The plot twist, however, comes here with the specific story of my peer-mentorship with Paul.

Our peer-mentorship created no distinctive elevation of our knowledge and experiences — we drew the knowing from the very moment in questions. And what is now a regular practice, we come into a dedicated space to practice together being at the height of our own experiences.

Without a descriptive framework and assignment, we created the space for this practice, beginning with laying out the perimeters of what we wanted in the practicing relationship and so what would it need to entail to make that happen.

In place over time: For us that meant coming together via a weekly call beyond the practice group timeframe. Instead defining a timeframe that felt good to us, with room to shift and modify, as we did 2 months in and extended our calls to “…for as long as we feel the conversation is being nourishing and felicitous.”

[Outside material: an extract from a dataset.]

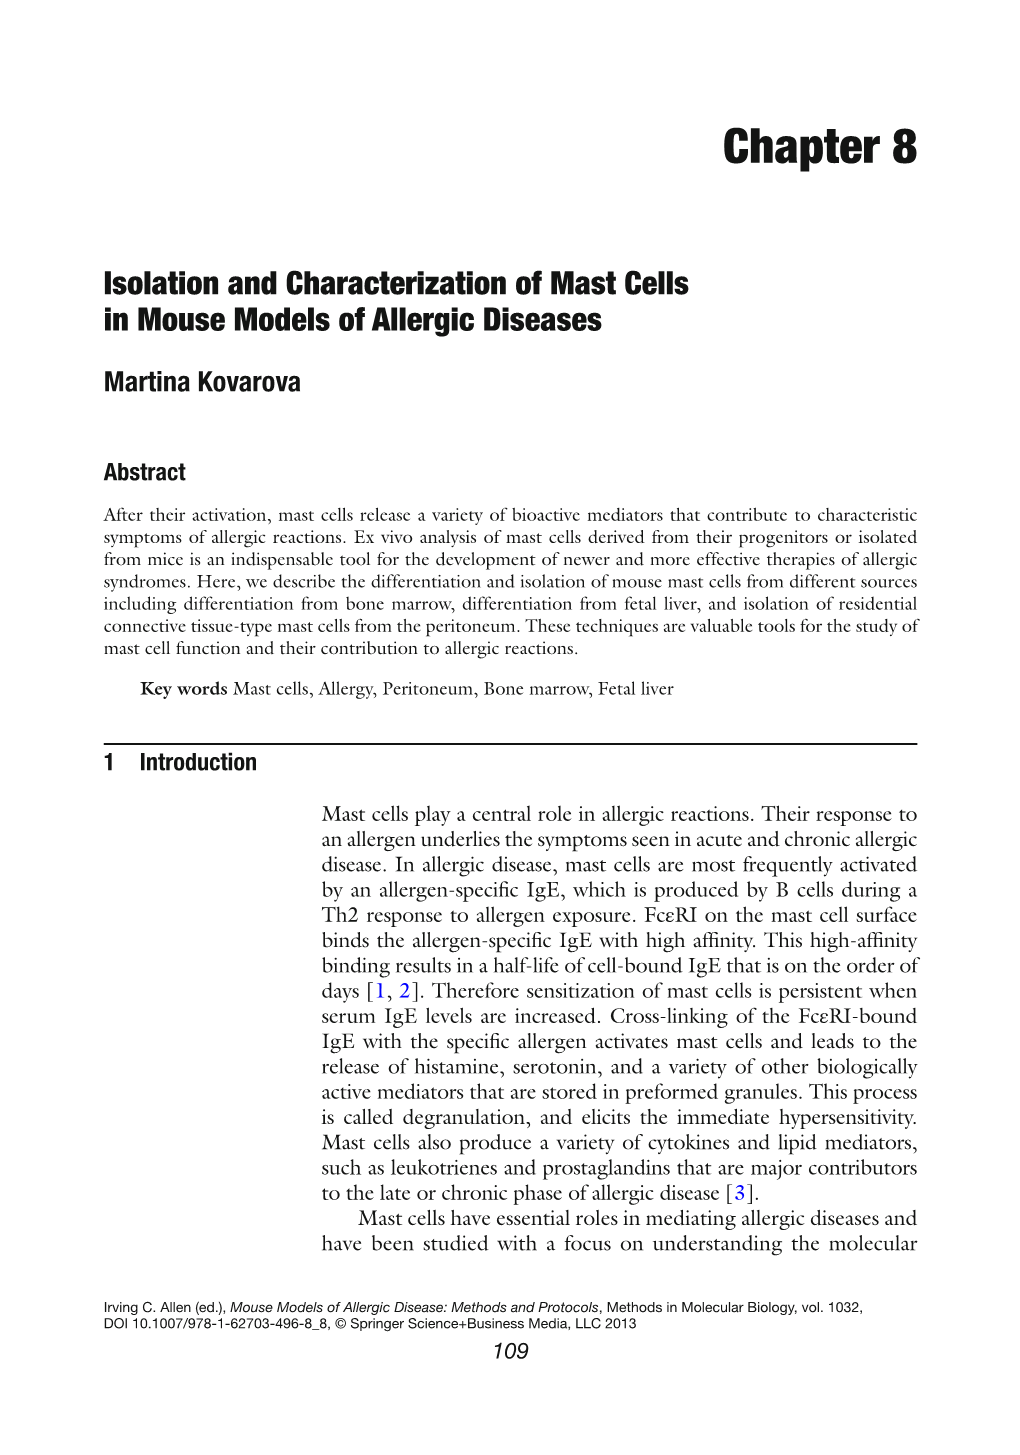 Chapter 8 Isolation and Characterization of Mast Cells In
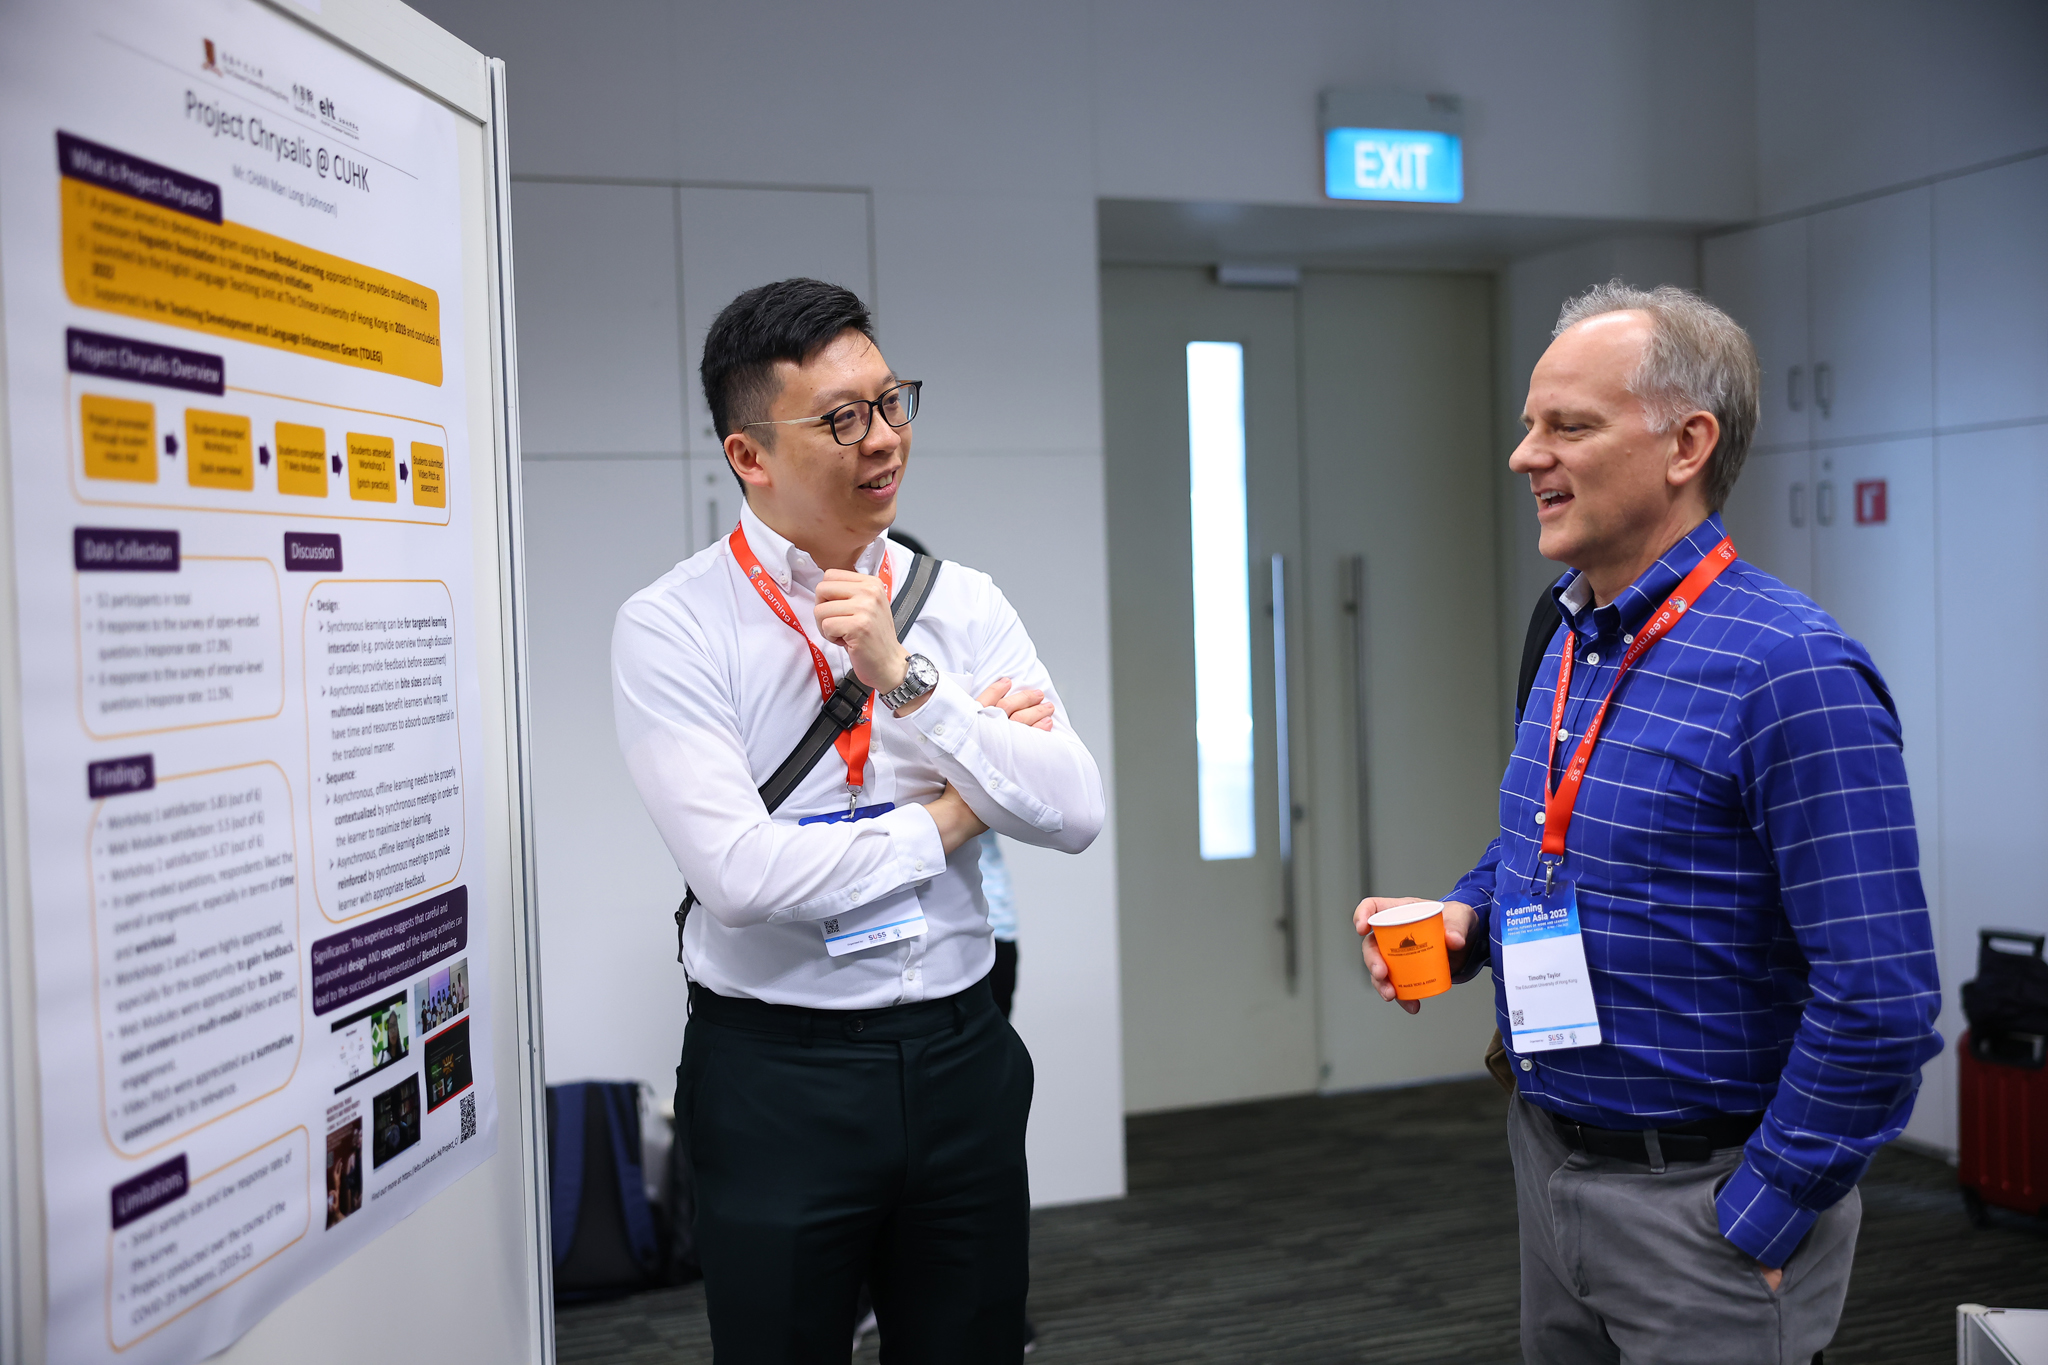 Dr Taylor is discussing the poster presentation delivered by Mr Chan from The Chinese University of Hong Kong

A spiritual practice: Each conversation became a spiritual practice, with an open space between us to flow in with what is present. In many (if not all) cases, bringing forth topics of depth, importance and closely linked to matters of our place in the world as beings, as contributors to the shaping of our environment, of our relationships and the grief of our own relation with ourselves.

Aligned community: we built alignment amongst us and practiced an understanding that I am in practice in this relation : I do not need to know the answers nor am I expected to

My peer mentor is also in practice, it does not mean he will know. It does not mean he will not know or understand my experience of practice and could (not) provide valuable insights and new perspective through attentive questions.

Questions are more important than answers, drawing on deeper and deeper layers of our ourselves and our practice of being in and with ourselves.

Critical judgment does not have a place in the relationship. However, thoughtful reflections are invited.

The way we have been and are continuing to show up is a whole new practice in itself. It asks us to practice in our sharing space, being in practice with each other. Many of the conversations and thoughts shared are for the first time, that give experience to go out and practice further and ripple out to other relations. Most significantly and radically to the traditional spaces of practice, I’ve seen the space bring forth our most unseen and undernourished parts of yourself. As a result, the practice space is where we get to practice together letting these parts of ourselves be seen, witnessed and practiced in their expanding fullness.

The practice to show up in the personhood, to practice showing up in the practice together is continual.  And I am grateful for being able to do it with another and be encouraged to be in practice with others.